This patch introudes MIGRATE_DISCARD mode in migration.
It drop clean cache pages instead of migration so that
migration latency could be reduced. Of course, it could
evict code pages but latency of big contiguous memory
is more important than some background application's slow down
in mobile embedded enviroment.

Signed-off-by: Minchan Kim <minchan@kernel.org>
---
 include/linux/migrate_mode.h |   11 +++++++---
 mm/migrate.c                 |   50 +++++++++++++++++++++++++++++++++---------
 mm/page_alloc.c              |    2 +-
 3 files changed, 49 insertions(+), 14 deletions(-)

diff --git a/include/linux/migrate_mode.h b/include/linux/migrate_mode.h
index ebf3d89..04ca19c 100644
--- a/include/linux/migrate_mode.h
+++ b/include/linux/migrate_mode.h
@@ -6,11 +6,16 @@
  *	on most operations but not ->writepage as the potential stall time
  *	is too significant
  * MIGRATE_SYNC will block when migrating pages
+ * MIGRTATE_DISCARD will discard clean cache page instead of migration
+ *
+ * MIGRATE_ASYNC, MIGRATE_SYNC_LIGHT, MIGRATE_SYNC shouldn't be used
+ * together as OR flag.
  */
 enum migrate_mode {
-	MIGRATE_ASYNC,
-	MIGRATE_SYNC_LIGHT,
-	MIGRATE_SYNC,
+	MIGRATE_ASYNC = 1 << 0,
+	MIGRATE_SYNC_LIGHT = 1 << 1,
+	MIGRATE_SYNC = 1 << 2,
+	MIGRATE_DISCARD = 1 << 3,
 };
 
 #endif		/* MIGRATE_MODE_H_INCLUDED */
diff --git a/mm/migrate.c b/mm/migrate.c
index 77ed2d7..8119a59 100644
--- a/mm/migrate.c
+++ b/mm/migrate.c
@@ -225,7 +225,7 @@ static bool buffer_migrate_lock_buffers(struct buffer_head *head,
 	struct buffer_head *bh = head;
 
 	/* Simple case, sync compaction */
-	if (mode != MIGRATE_ASYNC) {
+	if (!(mode & MIGRATE_ASYNC)) {
 		do {
 			get_bh(bh);
 			lock_buffer(bh);
@@ -313,7 +313,7 @@ static int migrate_page_move_mapping(struct address_space *mapping,
 	 * the mapping back due to an elevated page count, we would have to
 	 * block waiting on other references to be dropped.
 	 */
-	if (mode == MIGRATE_ASYNC && head &&
+	if (mode & MIGRATE_ASYNC && head &&
 			!buffer_migrate_lock_buffers(head, mode)) {
 		page_unfreeze_refs(page, expected_count);
 		spin_unlock_irq(&mapping->tree_lock);
@@ -521,7 +521,7 @@ int buffer_migrate_page(struct address_space *mapping,
 	 * with an IRQ-safe spinlock held.

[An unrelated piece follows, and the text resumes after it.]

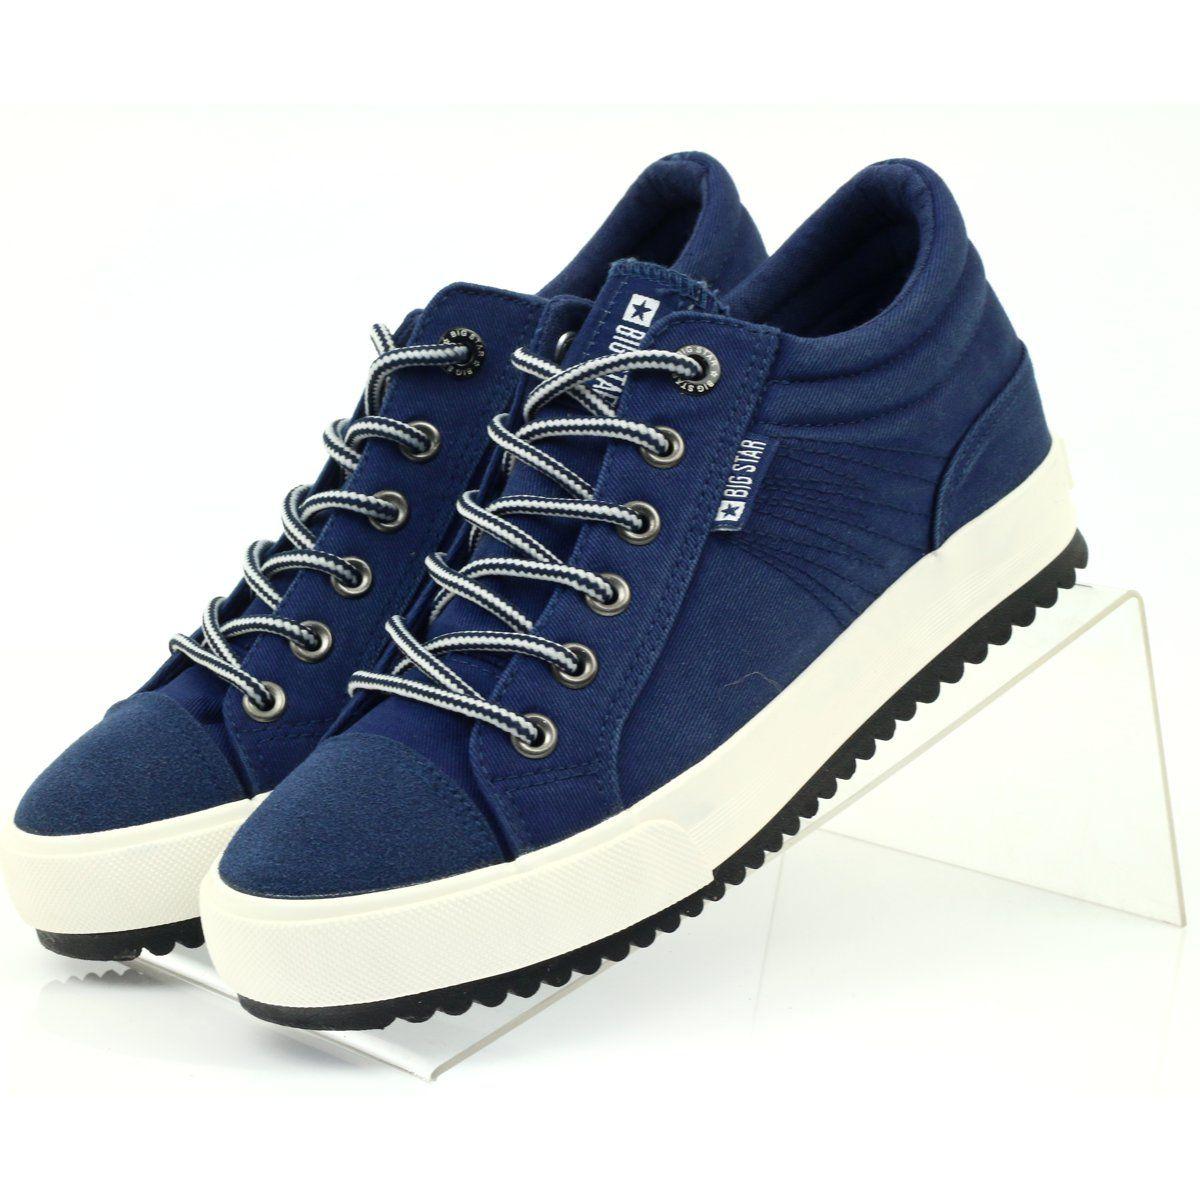 Trampki Na Koturnie Big Star 274502 Granatowe Star Sneakers Navy Blue Top Trainers Women

In the sync case, the buffers
 	 * need to be locked now
 	 */
-	if (mode != MIGRATE_ASYNC)
+	if (!(mode & MIGRATE_ASYNC))
 		BUG_ON(!buffer_migrate_lock_buffers(head, mode));
 
 	ClearPagePrivate(page);
@@ -603,7 +603,7 @@ static int fallback_migrate_page(struct address_space *mapping,
 {
 	if (PageDirty(page)) {
 		/* Only writeback pages in full synchronous migration */
-		if (mode != MIGRATE_SYNC)
+		if (!(mode & MIGRATE_SYNC))
 			return -EBUSY;
 		return writeout(mapping, page);
 	}
@@ -685,9 +685,12 @@ static int __unmap_and_move(struct page *page, struct page *newpage,
 	int remap_swapcache = 1;
 	struct mem_cgroup *mem;
 	struct anon_vma *anon_vma = NULL;
+	enum ttu_flags ttu_flags;
+	bool discard_mode = false;
+	bool file = false;
 
 	if (!trylock_page(page)) {
-		if (!force || mode == MIGRATE_ASYNC)
+		if (!force || mode & MIGRATE_ASYNC)
 			goto out;
 
 		/*
@@ -733,7 +736,7 @@ static int __unmap_and_move(struct page *page, struct page *newpage,
 		 * the retry loop is too short and in the sync-light case,
 		 * the overhead of stalling is too much
 		 */
-		if (mode != MIGRATE_SYNC) {
+		if (!(mode & MIGRATE_SYNC)) {
 			rc = -EBUSY;
 			goto uncharge;
 		}
@@ -799,12 +802,39 @@ static int __unmap_and_move(struct page *page, struct page *newpage,
 		goto skip_unmap;
 	}
 
+	file = page_is_file_cache(page);
+	ttu_flags = TTU_IGNORE_MLOCK|TTU_IGNORE_ACCESS;
+
+	if (!(mode & MIGRATE_DISCARD) || !file || PageDirty(page))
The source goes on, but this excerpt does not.